Le journal a obtenu des chiffres sur les projets de transport de la MRC de Brome-Missisquoi. Pour le transport adapté, qui est le service le plus rodé, on parle d’environ 27 000 demandes annuellement partout dans la région. Quant au transport collectif intermunicipal, qui offre une connexion de n’importe quelle ville de la région à Cowansville, ce sont 35 000 déplacements enregistrés chaque année.

Du côté des projets pilotes, le transport à la demande dans les villes de Bromont et Farnham est devenu gratuit, du 15 juillet au 15 août. Le portrait est complètement différent là où on inspire l’action (environ 350 demandes) que là où on grandit ensemble (environ 30 demandes) depuis le lancement du service le 24 février dernier. 

“On arrive avec une nouvelle offre qui n’était pas existante avant, pour laquelle les citoyens se sont déjà arrangés. Le défi, c’est de les convaincre de venir essayer le service. C’est beaucoup moins dispendieux de prendre le transport collectif que de s’acheter un véhicule”, réagit M. El Fatmi. 

À Cowansville, le circuit municipal traversé par une ligne de bus semble bien fonctionner. Pour huit mois d’opération en 2024, 2778 déplacements ont été enregistrés, alors que pour les six premiers mois de 2025, le nombre monte à 2623.

Le projet pilote a également eu une période de gratuité l’été dernier. “Le circuit municipal de Cowansville prend fin le 1er octobre. On va s’asseoir avec la Ville et déterminer la suite […]. Il y a plusieurs variables à étudier pour décider si on pérennise le projet ou non”, déclare Khalil El Fatmi.

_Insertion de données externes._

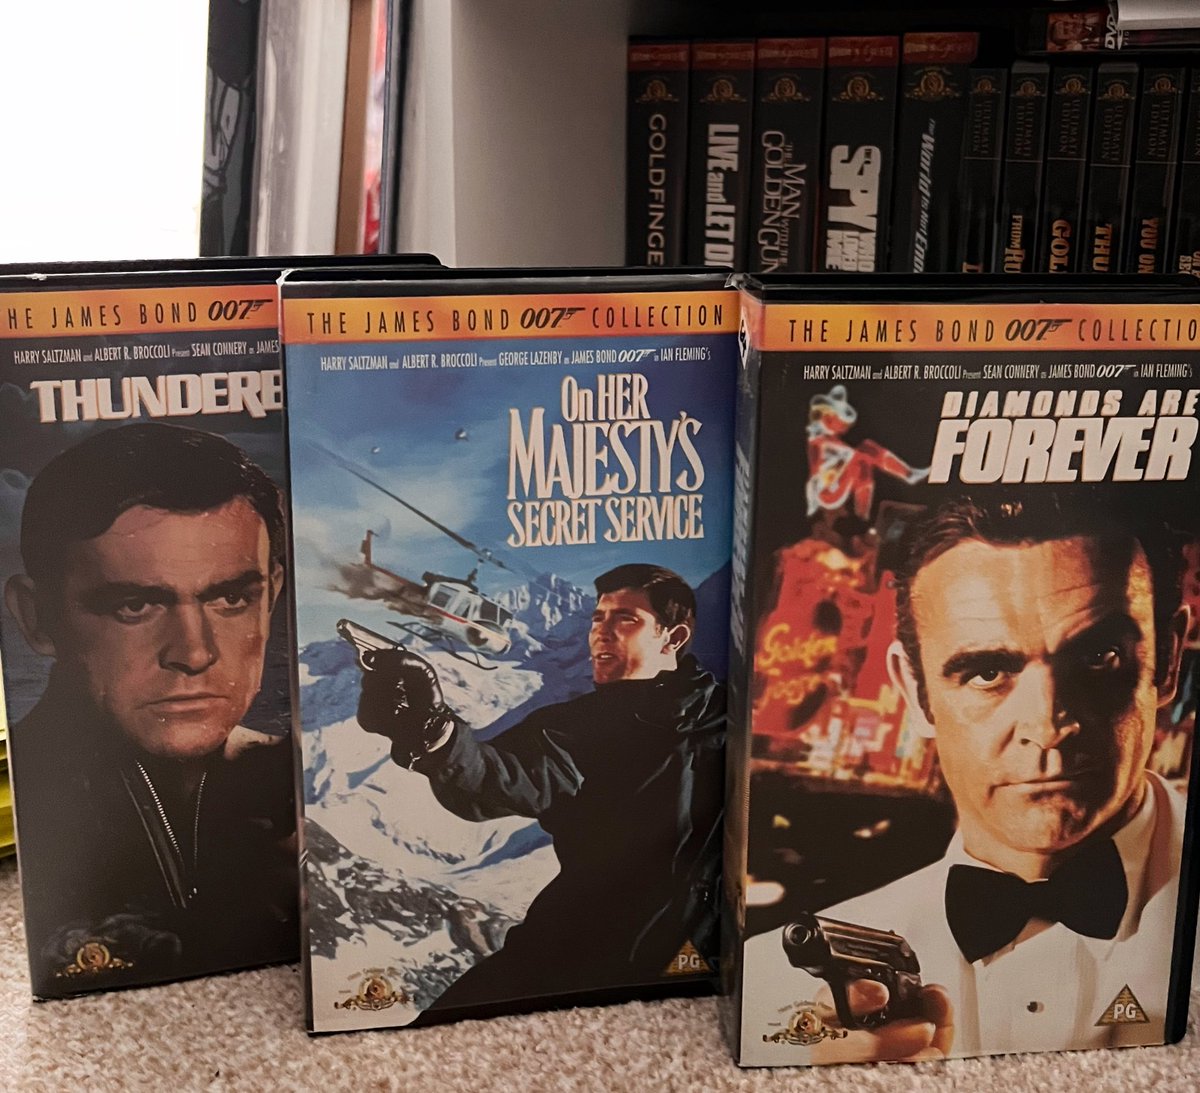 Today I was in town and came across a bunch of Bond VHS tapes! Couldn’t get all of the ones there but the five behind these three that i’ve had almost all my life will finally have some company (and 1969-1977 will be complete)! #JamesBond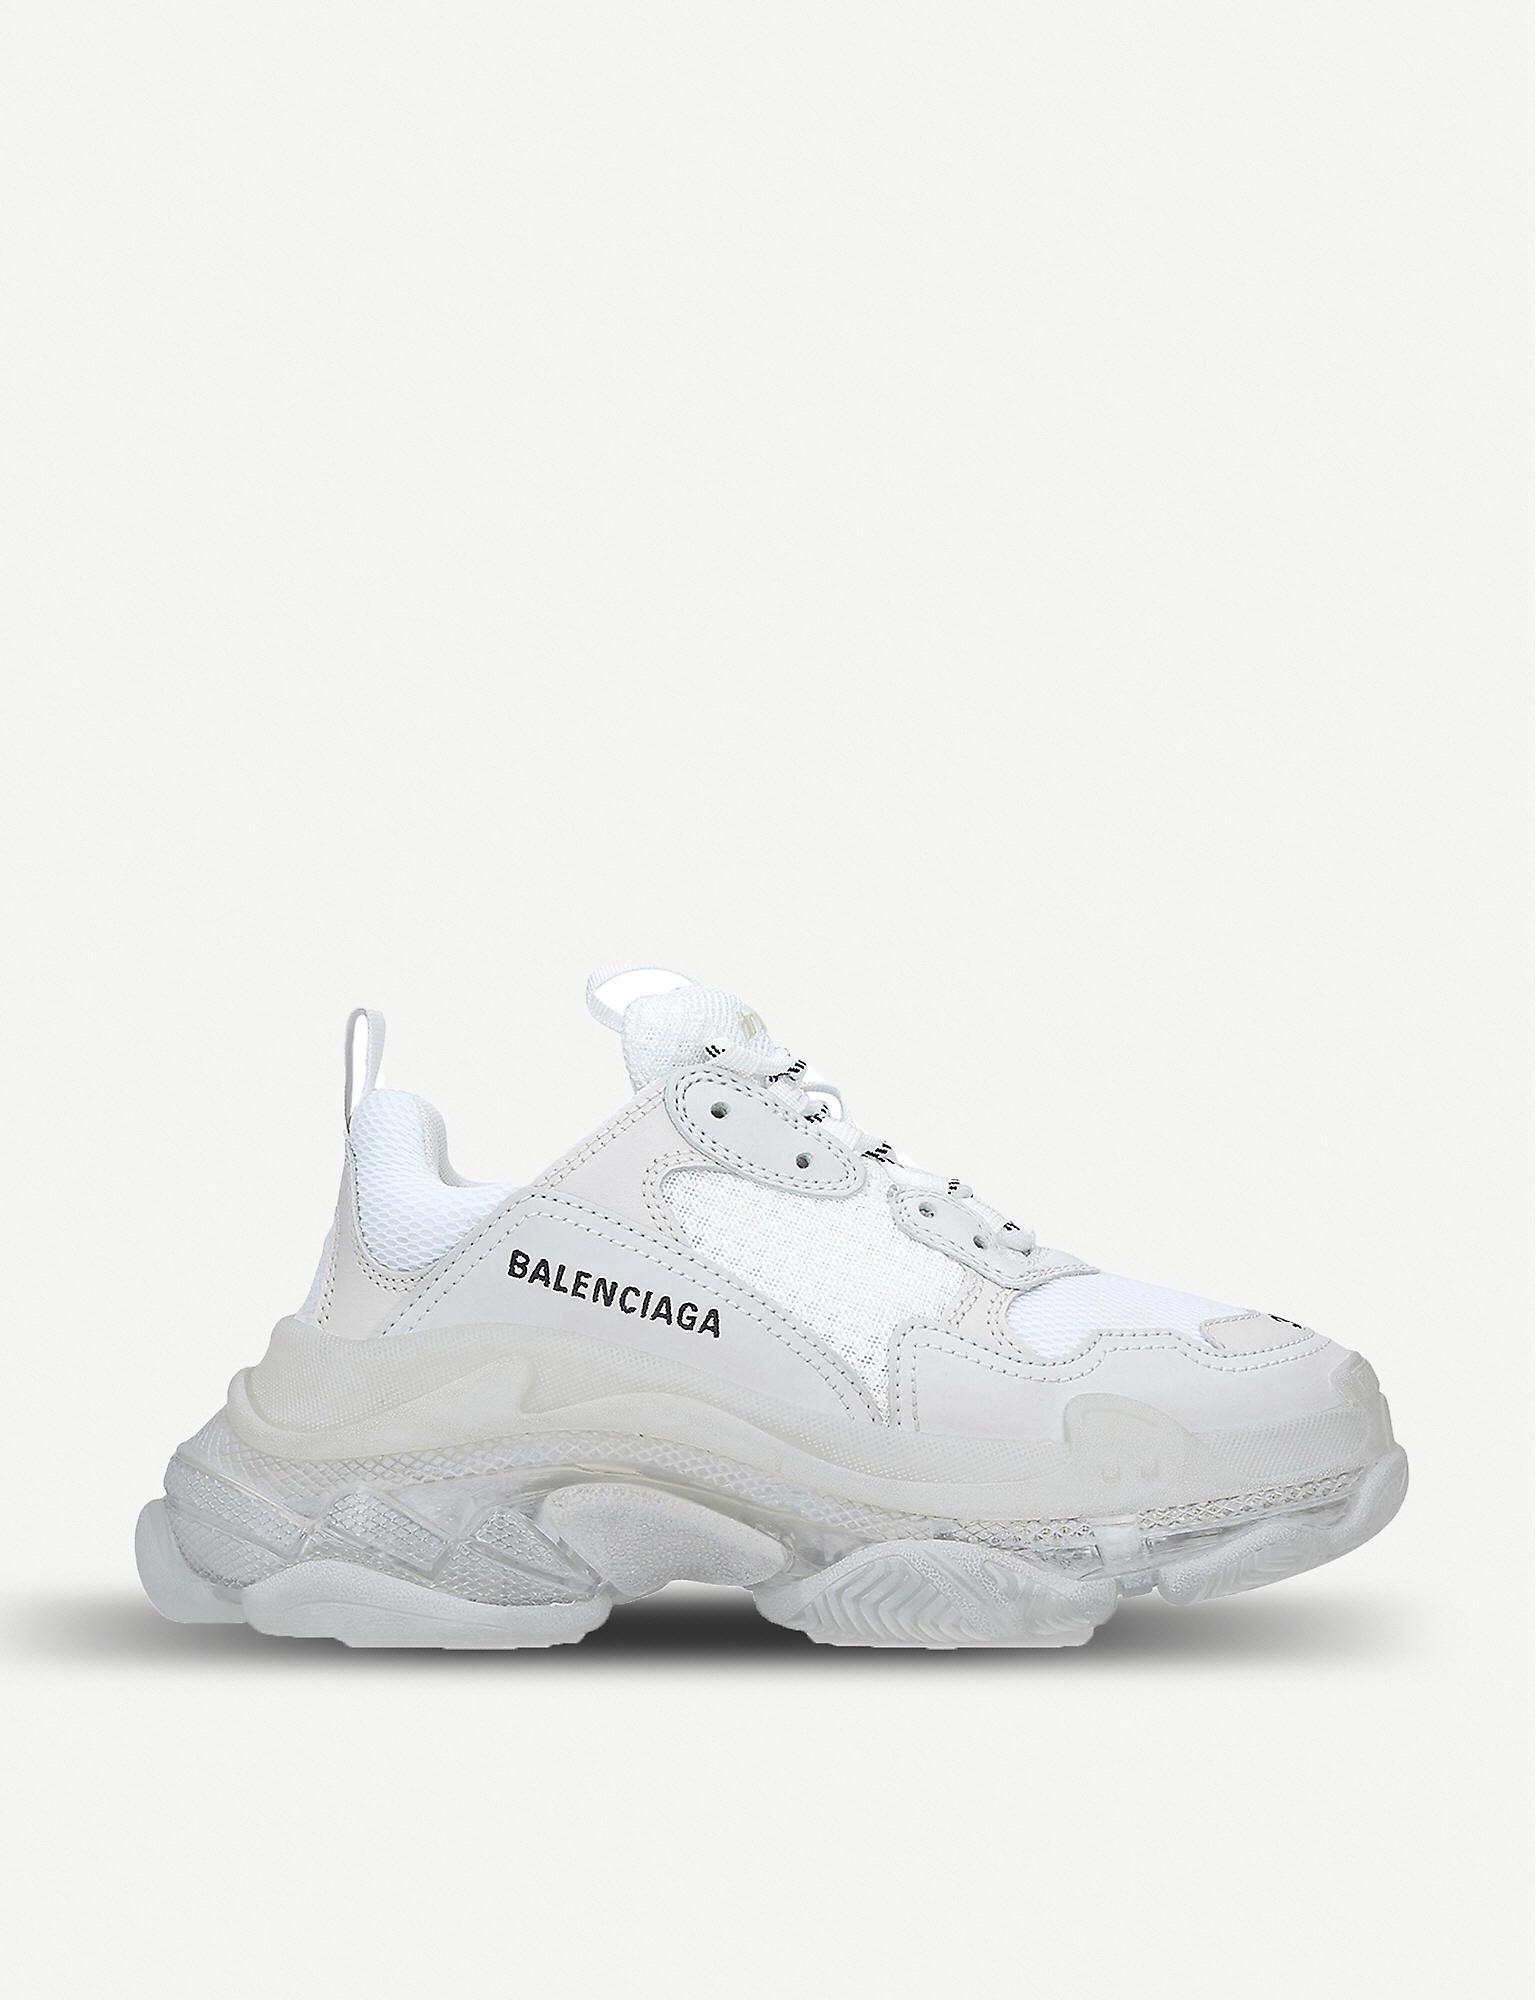 Balenciaga Triple S Clear Sole Leather And Mesh Trainers in White - Lyst

Soulignons également le circuit interrégional Brome-Yamaska, un nouveau service qui entrera en fonction le 25 août. Il desservira Bromont, Cowansville, Granby, East Farnham et Saint-Alphonse-de-Granby.

Autopartage

Dans le cadre du Laboratoire d’innovation en mobilité intelligente et territoriale (LIMIT), un projet de covoiturage, comme Communauto à Montréal, pourrait voir le jour dans la région de Brome-Missisquoi. “Il n’y a pas d’échéance ou de date précise, mais on a l’objectif d’acquérir des véhicules électriques et de les mettre à disposition des citoyens, moyennant une tarification qui est à établir”,  confirme le directeur du service de transport et de la mobilité de la MRC.

Ce projet est en élaboration, il reste à conclure des ententes avec les municipalités concernées, puis la phase de planification pourra débuter.

D’autres idées pourraient se concrétiser dans le futur. Khalil El Fatmi mentionne la possibilité d’offrir des vélos électriques en location, par exemple. Le comité directeur, dont il fait partie, a le rôle d’étudier, d’évaluer et de revoir les sommes allouées aux projets.